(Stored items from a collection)
^^^^

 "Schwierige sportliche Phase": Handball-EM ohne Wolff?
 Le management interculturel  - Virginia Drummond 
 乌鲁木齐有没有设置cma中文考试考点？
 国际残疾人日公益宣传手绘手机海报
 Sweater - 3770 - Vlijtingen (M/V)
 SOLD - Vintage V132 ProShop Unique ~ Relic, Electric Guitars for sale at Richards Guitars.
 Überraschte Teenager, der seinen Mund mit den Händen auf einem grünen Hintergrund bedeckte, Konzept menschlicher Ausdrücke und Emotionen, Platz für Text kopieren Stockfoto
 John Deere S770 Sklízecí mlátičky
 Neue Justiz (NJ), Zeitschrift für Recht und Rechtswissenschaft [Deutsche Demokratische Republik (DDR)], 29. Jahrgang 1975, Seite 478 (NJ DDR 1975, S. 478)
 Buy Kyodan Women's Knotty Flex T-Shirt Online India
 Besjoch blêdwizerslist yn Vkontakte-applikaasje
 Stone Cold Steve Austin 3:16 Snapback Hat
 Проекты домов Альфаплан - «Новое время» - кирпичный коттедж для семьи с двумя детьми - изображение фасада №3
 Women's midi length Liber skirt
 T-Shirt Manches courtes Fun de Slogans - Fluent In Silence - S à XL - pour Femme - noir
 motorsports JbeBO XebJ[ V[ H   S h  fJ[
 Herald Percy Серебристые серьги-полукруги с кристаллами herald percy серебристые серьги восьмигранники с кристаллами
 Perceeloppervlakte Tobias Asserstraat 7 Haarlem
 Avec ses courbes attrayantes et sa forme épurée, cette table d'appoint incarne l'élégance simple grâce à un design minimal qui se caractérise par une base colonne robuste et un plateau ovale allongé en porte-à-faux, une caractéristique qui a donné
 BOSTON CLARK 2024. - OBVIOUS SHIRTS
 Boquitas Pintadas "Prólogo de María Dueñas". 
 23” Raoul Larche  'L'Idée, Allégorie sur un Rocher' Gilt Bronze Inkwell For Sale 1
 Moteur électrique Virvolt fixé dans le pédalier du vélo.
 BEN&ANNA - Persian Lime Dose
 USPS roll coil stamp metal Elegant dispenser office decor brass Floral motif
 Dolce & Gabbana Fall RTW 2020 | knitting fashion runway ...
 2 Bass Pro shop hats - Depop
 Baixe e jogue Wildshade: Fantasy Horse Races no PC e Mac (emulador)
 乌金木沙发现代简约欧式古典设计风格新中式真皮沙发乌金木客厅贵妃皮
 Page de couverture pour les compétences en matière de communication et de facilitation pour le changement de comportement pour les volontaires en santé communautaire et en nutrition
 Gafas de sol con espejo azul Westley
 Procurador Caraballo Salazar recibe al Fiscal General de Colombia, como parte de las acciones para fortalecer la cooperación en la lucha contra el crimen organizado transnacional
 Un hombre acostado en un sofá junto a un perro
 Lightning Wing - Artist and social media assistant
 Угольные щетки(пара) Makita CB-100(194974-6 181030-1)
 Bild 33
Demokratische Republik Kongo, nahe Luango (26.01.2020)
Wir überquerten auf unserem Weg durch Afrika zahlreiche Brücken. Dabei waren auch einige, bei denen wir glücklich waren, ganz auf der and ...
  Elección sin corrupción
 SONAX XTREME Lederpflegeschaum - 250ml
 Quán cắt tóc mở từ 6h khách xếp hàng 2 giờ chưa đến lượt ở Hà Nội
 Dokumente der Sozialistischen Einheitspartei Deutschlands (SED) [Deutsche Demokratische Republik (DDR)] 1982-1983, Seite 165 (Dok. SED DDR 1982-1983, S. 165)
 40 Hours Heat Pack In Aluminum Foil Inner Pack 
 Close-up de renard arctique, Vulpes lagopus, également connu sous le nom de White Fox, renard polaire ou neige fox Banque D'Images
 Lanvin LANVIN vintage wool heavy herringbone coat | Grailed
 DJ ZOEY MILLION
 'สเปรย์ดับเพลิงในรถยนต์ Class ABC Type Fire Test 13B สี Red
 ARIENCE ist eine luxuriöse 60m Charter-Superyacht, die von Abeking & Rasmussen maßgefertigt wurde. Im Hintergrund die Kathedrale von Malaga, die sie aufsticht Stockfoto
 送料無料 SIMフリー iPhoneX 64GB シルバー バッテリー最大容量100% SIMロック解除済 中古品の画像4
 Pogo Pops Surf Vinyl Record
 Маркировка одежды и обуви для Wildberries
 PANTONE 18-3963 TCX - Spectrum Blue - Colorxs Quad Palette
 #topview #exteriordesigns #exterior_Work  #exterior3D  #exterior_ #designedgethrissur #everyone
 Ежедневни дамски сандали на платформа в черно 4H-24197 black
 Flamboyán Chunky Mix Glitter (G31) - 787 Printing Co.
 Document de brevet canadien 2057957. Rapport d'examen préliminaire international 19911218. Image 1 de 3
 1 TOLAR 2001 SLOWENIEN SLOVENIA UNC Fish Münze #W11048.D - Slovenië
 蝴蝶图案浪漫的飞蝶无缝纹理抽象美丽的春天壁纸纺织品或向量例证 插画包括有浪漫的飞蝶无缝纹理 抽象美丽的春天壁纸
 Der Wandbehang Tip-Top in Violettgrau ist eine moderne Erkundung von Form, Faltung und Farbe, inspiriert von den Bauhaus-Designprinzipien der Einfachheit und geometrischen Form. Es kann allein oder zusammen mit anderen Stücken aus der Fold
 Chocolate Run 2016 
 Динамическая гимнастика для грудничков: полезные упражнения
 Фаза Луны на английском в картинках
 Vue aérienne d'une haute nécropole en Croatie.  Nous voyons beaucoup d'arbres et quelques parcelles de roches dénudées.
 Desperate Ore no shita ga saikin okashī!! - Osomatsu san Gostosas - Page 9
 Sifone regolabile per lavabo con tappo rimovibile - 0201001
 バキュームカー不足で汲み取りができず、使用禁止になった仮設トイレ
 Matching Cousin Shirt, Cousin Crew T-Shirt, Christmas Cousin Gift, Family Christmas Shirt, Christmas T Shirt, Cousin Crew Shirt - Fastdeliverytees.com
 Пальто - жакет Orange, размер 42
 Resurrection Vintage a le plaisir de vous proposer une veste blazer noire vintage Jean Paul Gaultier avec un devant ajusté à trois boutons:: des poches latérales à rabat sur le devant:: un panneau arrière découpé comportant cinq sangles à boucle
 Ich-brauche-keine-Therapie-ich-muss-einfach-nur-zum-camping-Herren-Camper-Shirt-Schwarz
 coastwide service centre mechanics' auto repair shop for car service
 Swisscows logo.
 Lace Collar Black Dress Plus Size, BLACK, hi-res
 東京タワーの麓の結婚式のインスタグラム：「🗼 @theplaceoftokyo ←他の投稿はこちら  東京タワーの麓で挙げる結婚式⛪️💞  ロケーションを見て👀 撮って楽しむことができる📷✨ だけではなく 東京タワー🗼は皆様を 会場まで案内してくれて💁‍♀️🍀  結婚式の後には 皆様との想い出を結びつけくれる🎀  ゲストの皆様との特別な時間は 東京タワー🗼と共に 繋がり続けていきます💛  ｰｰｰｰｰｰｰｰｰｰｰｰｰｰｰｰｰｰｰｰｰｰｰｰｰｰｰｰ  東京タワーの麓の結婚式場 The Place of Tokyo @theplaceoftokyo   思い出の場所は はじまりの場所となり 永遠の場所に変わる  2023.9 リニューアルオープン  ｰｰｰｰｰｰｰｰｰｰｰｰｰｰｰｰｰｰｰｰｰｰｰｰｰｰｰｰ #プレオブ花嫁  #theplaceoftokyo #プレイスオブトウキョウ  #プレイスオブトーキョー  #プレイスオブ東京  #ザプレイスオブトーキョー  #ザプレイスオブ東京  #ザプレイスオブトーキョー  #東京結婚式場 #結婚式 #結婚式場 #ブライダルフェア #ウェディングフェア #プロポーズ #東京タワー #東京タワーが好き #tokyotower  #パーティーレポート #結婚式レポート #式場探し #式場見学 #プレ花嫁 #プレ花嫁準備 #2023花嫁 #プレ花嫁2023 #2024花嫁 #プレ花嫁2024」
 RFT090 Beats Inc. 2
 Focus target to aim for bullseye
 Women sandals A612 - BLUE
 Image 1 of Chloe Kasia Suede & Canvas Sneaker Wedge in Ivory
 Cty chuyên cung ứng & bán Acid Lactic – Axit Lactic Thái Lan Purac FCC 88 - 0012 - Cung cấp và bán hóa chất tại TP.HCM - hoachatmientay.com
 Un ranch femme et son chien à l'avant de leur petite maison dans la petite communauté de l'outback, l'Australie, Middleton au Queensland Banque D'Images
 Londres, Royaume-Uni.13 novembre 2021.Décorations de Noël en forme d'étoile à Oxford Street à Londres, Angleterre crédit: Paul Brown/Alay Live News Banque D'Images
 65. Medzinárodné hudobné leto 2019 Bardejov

^^^^

Could you restate, word for word, the lines above from the one with "Le management interculturel" to the one with "John Deere S770 Sklízecí mlátičky", both included?

RESULT BELOW
 Le management interculturel  - Virginia Drummond 
 乌鲁木齐有没有设置cma中文考试考点？
 国际残疾人日公益宣传手绘手机海报
 Sweater - 3770 - Vlijtingen (M/V)
 SOLD - Vintage V132 ProShop Unique ~ Relic, Electric Guitars for sale at Richards Guitars.
 Überraschte Teenager, der seinen Mund mit den Händen auf einem grünen Hintergrund bedeckte, Konzept menschlicher Ausdrücke und Emotionen, Platz für Text kopieren Stockfoto
 John Deere S770 Sklízecí mlátičky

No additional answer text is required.